The density topology on the real line, \reals, consists of all sets,
$S$, such that each point of $S$ is a Lebesgue density point of $S$.
The density topology is a completely regular refinement of the ordinary
topology, which fails to be normal \cite{GNN:densitytop}. In this
paper, we consider some properties of functions $f:\reals\into\reals$
which are continuous when the density topology is applied to both the
range and domain. Such functions have been termed {\em density
continuous} \cite{KO:denscont}.
 
It has recently been shown that the density continuous functions do
not form a vector space and there are monotone, and even $C^\infty$
functions which are not density continuous \cite{CL:SpDensCont}. On
the other hand, all locally convex functions are density continuous
\cite{CL:SpDensCont} and density continuous functions are in the class
\bstar\/ \cite{CLO:DensContCont}.
 
In this paper, we answer a question posed by Krzysztof
Ostaszewski \cite{KO:SemiDensity} related to the properties of the
class of density continuous functions, \CD, when viewed as a
semigroup.  This question is:
\begin{description}
\item[Query]
Given a density
closed \Gd\/ subset $E$ of \reals, is there an $f\in\CD$ such that
$E=\inv{f}(0)$?
\end{description}
 
 
It turns out that this question can be answered negatively.

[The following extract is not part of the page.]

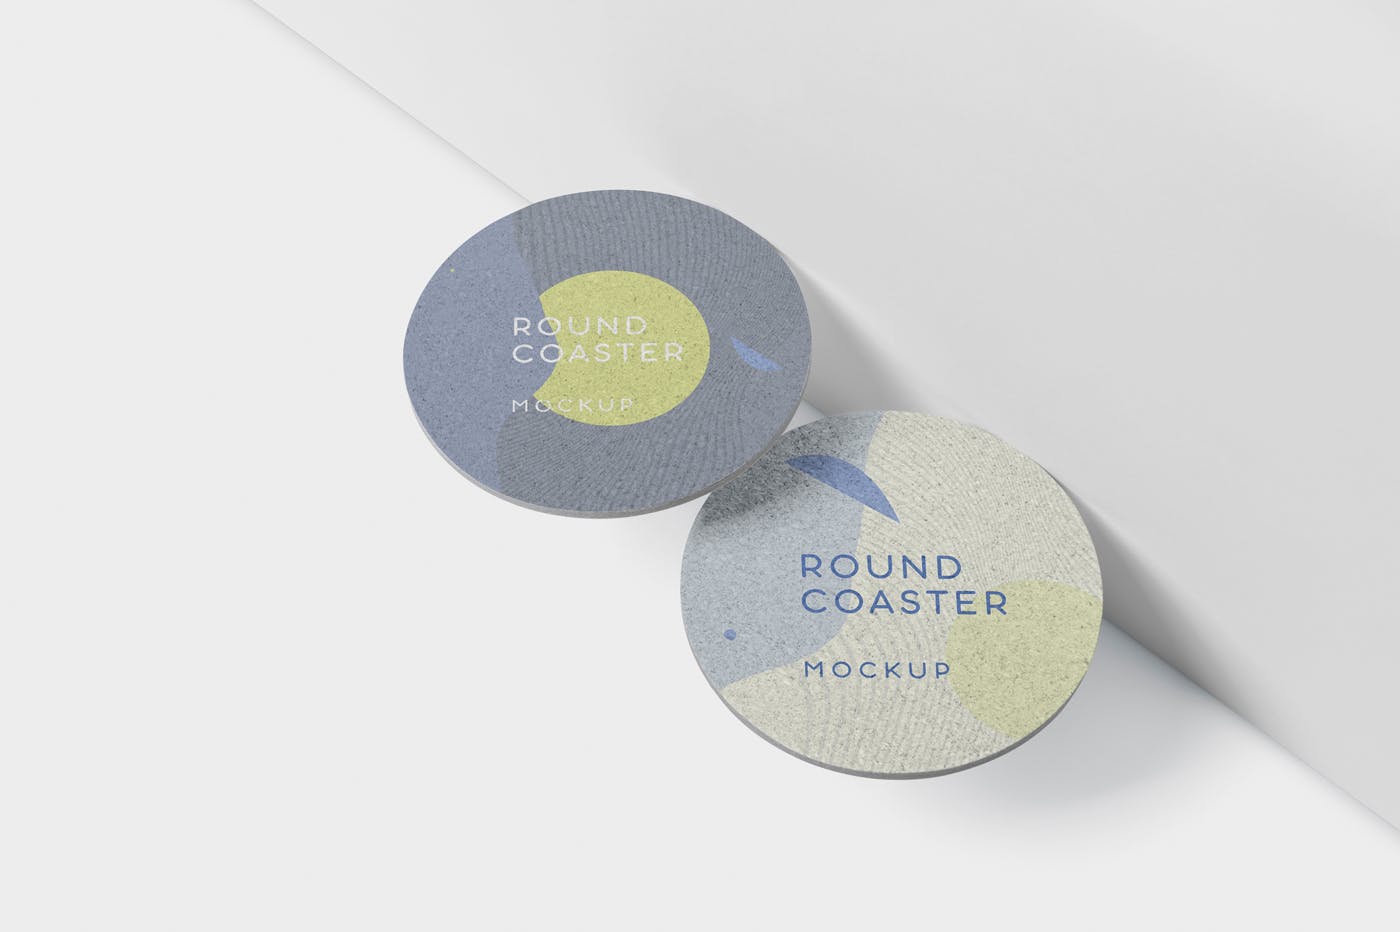 圆形杯垫图案设计效果图第一素材精选 Round Coaster Mock-Up – Medium Size插图(4)

In Section \ref{charsec}, the level sets of density continuous functions are
characterized as consisting of the sets which are closed in the density
topology while being simultaneously \Fs\/ and \Gd.  This shows that
any density closed set $E$, which is \Gd, but not \Fs\/ is a
counterexample to Ostaszewski's query.
 
We use the following notation: \begin{description}
    \item $\reals$ -- the set of real numbers;
    \item $\nats$ -- the set of natural numbers;
    \item $|A|$ -- the Lebesgue measure of a
        measurable set $A\subset\reals$;
    \item $A^c$ -- the complement of the set $A$;
    \item \interior{A}--the interior of the set A;
    \item $\dist{P}{Q}=\inf\{ |p-q|:p\in P \mbox{ and } q\in Q\}$ is
the distance between sets $P$ and $Q$;
    \item $B(F,\e)=\{ x:\dist{F}{x}<\e\}$;
    \item ${\overline d}(A,x),\ {\underline d}(A,x),\
        d^+(A,x),\ d^-(A,x),\
        d(A,x)$ -- the upper, lower, right, left and ordinary
(respectively)
        densities of a set $A\subset\reals$ at a point
        $x\in\reals$;
    \item $L_f(\alpha)=\{x\in\reals:f(x)=\alpha\}$;
    \item \CD -- the set of all density continuous functions on \reals.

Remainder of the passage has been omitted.